((

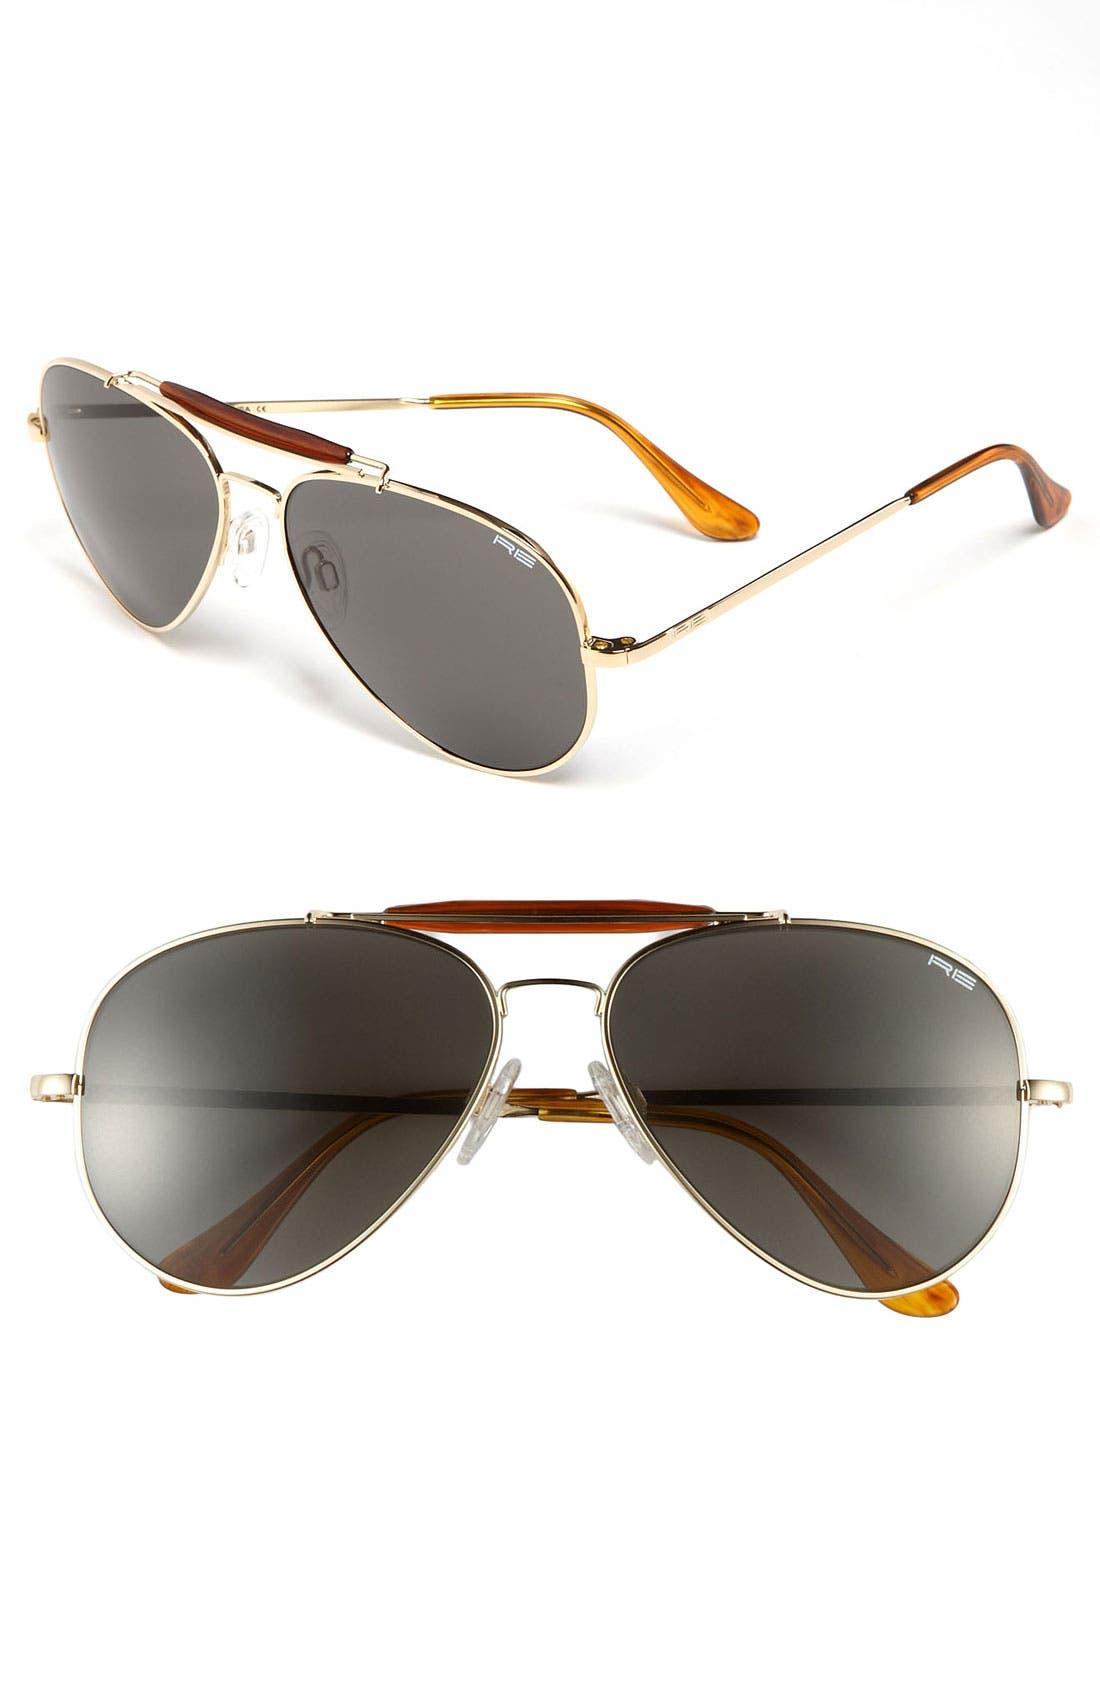 Main Image - Randolph Engineering 'Sportsman' 61mm Sunglasses
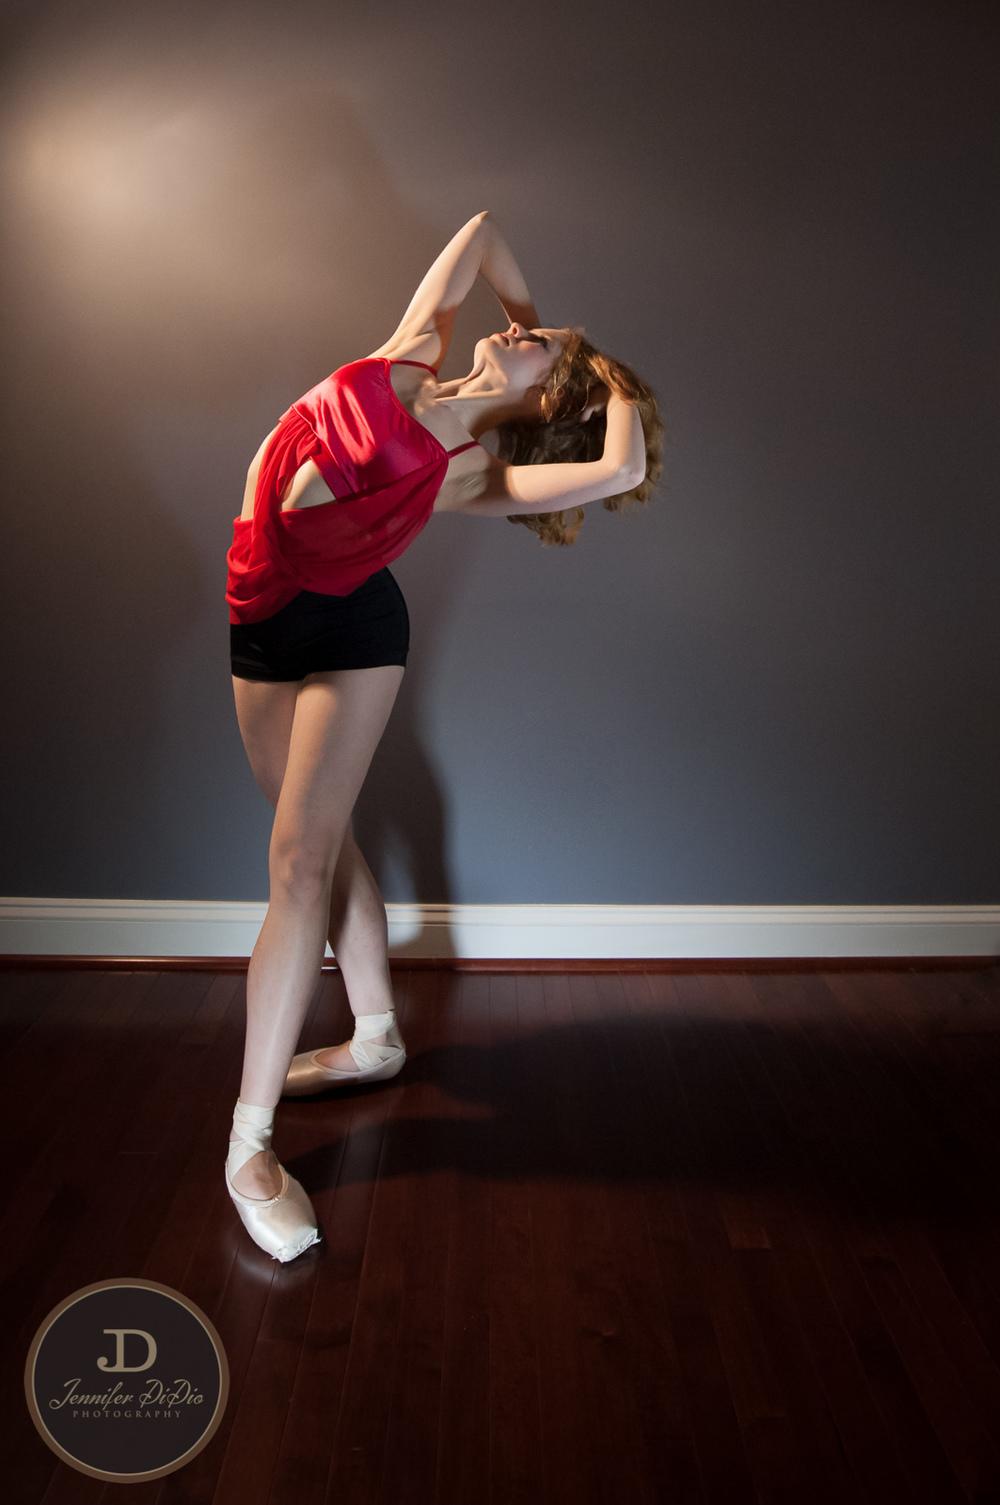 Jennifer.DiDio.Photography.miller.dance.2014-219.jpg
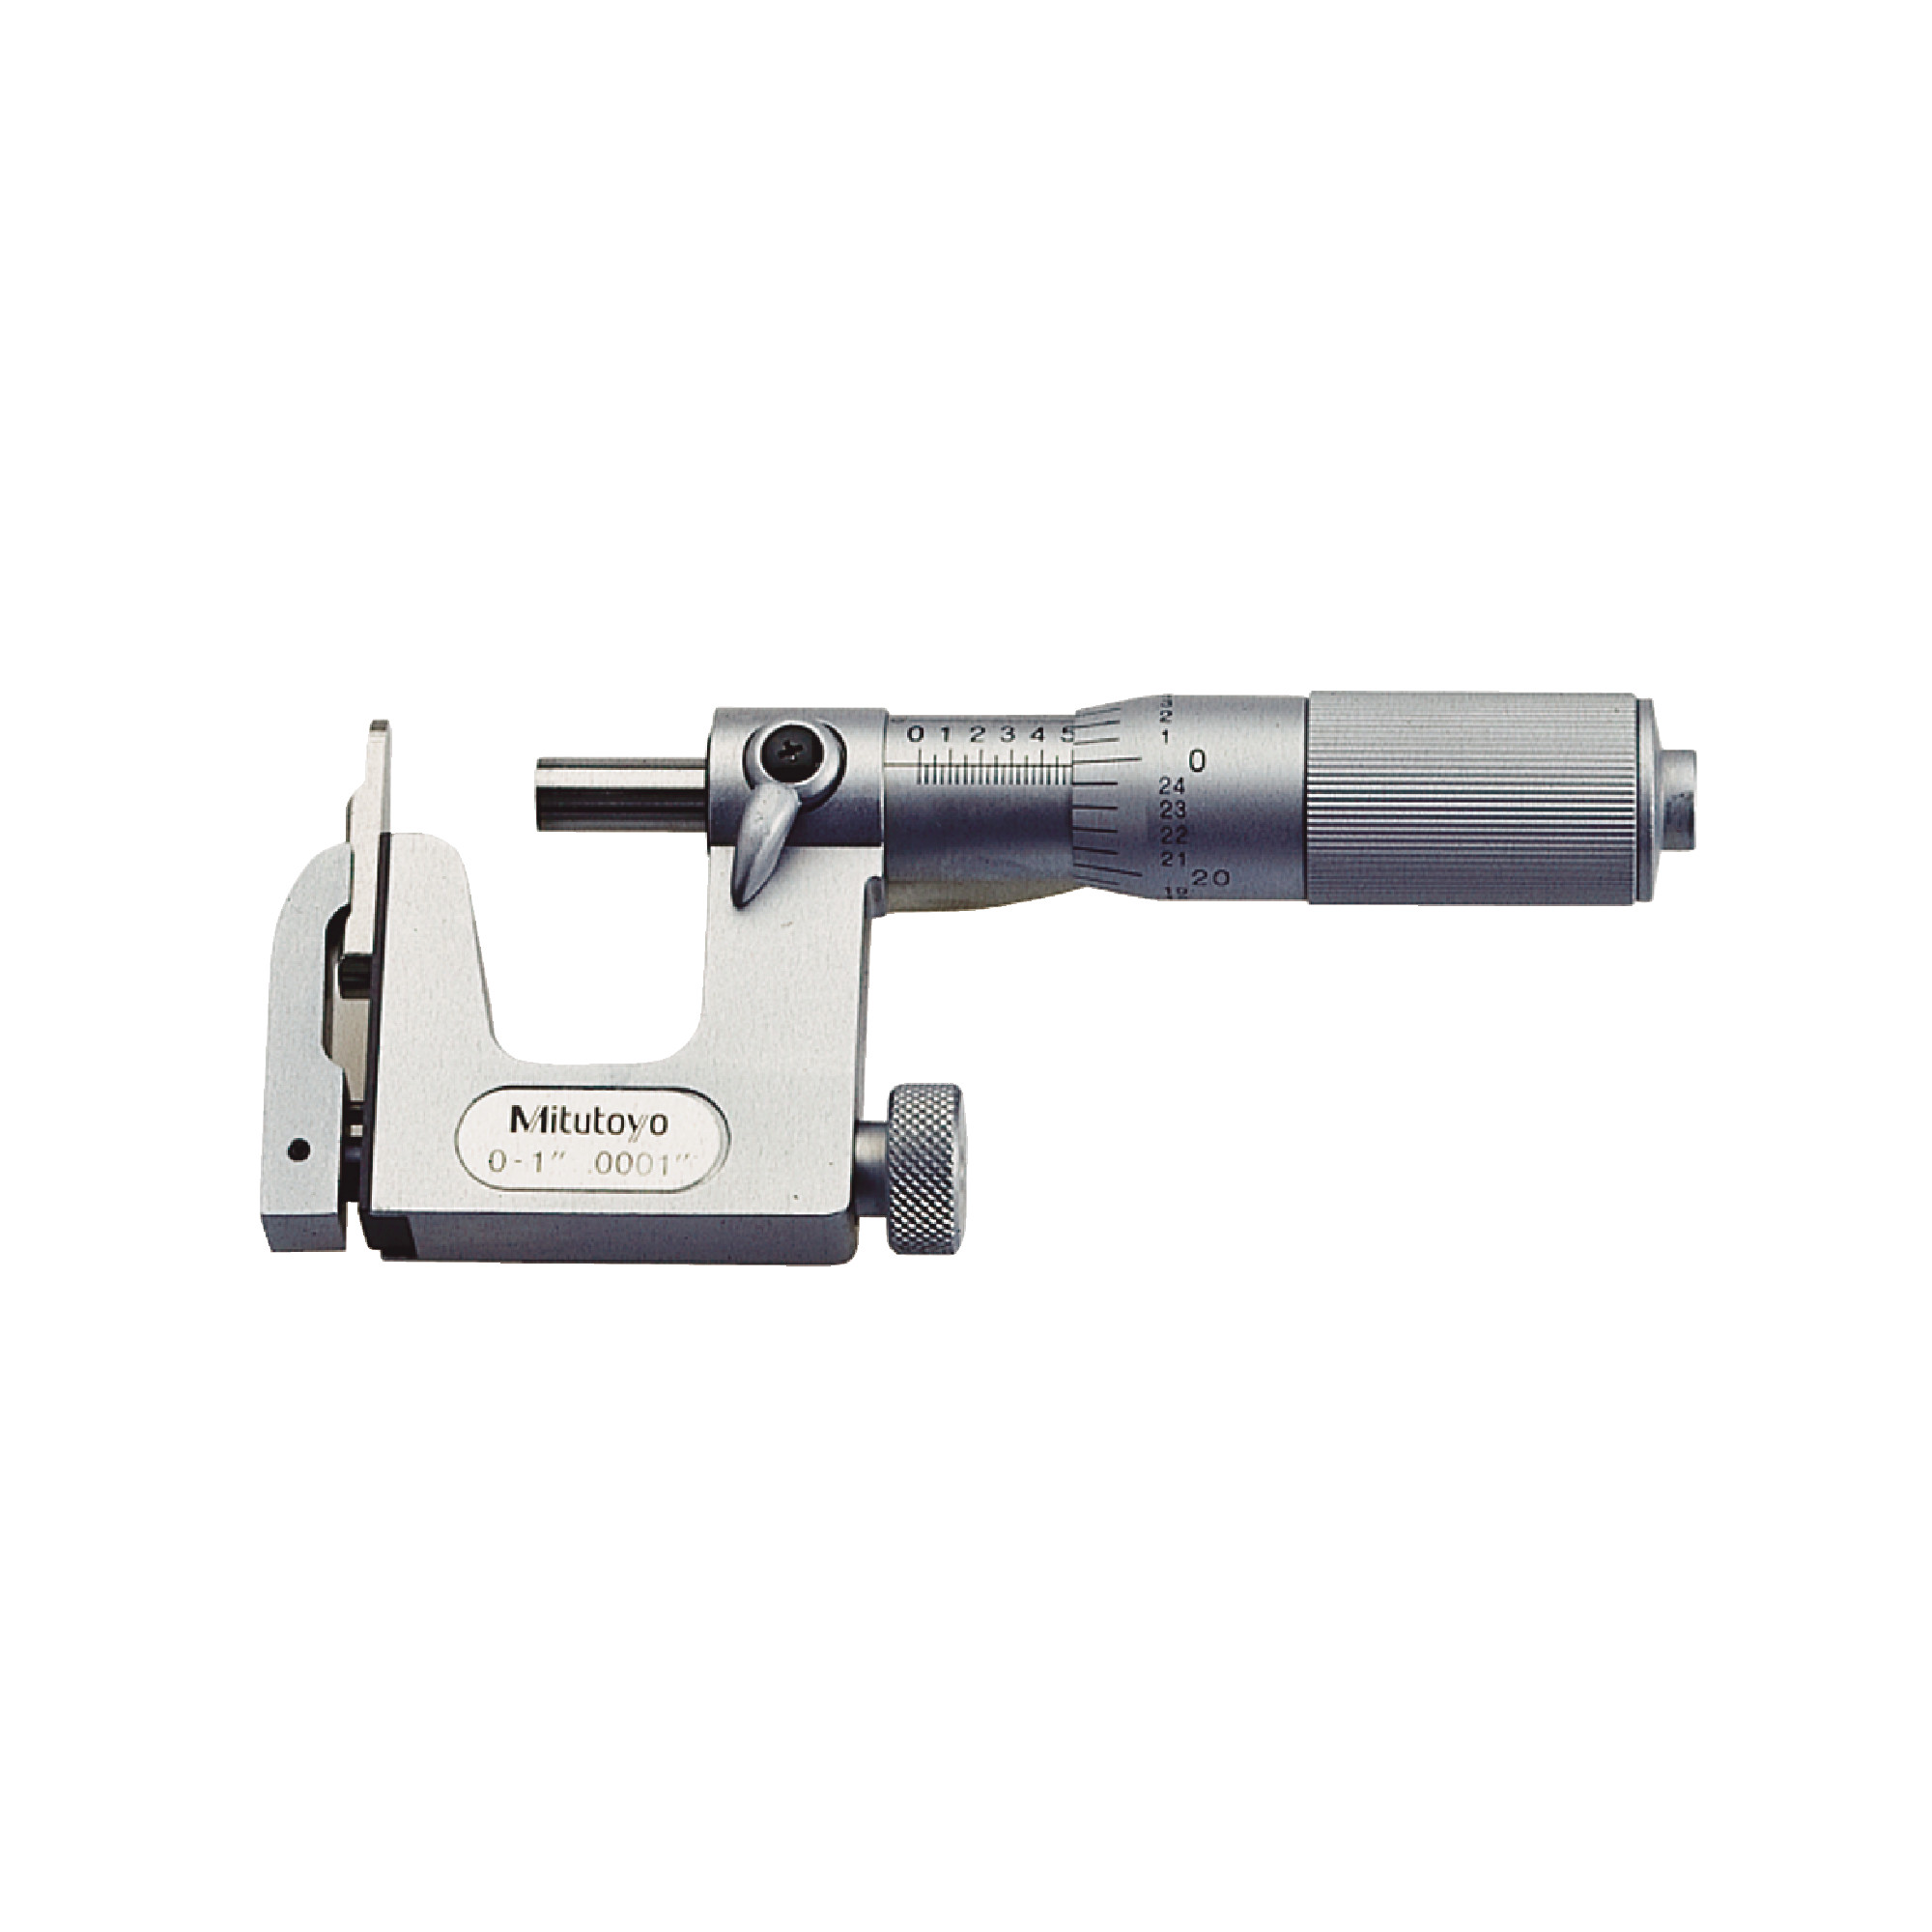 Uni-Mike Interchangeable Multi-Anvil Micrometer

))

### To do
Every line of the material above must be written out exactly, with no pictures.

### Result
 Main Image - Randolph Engineering 'Sportsman' 61mm Sunglasses
 Jennifer.DiDio.Photography.miller.dance.2014-219.jpg
 Uni-Mike Interchangeable Multi-Anvil Micrometer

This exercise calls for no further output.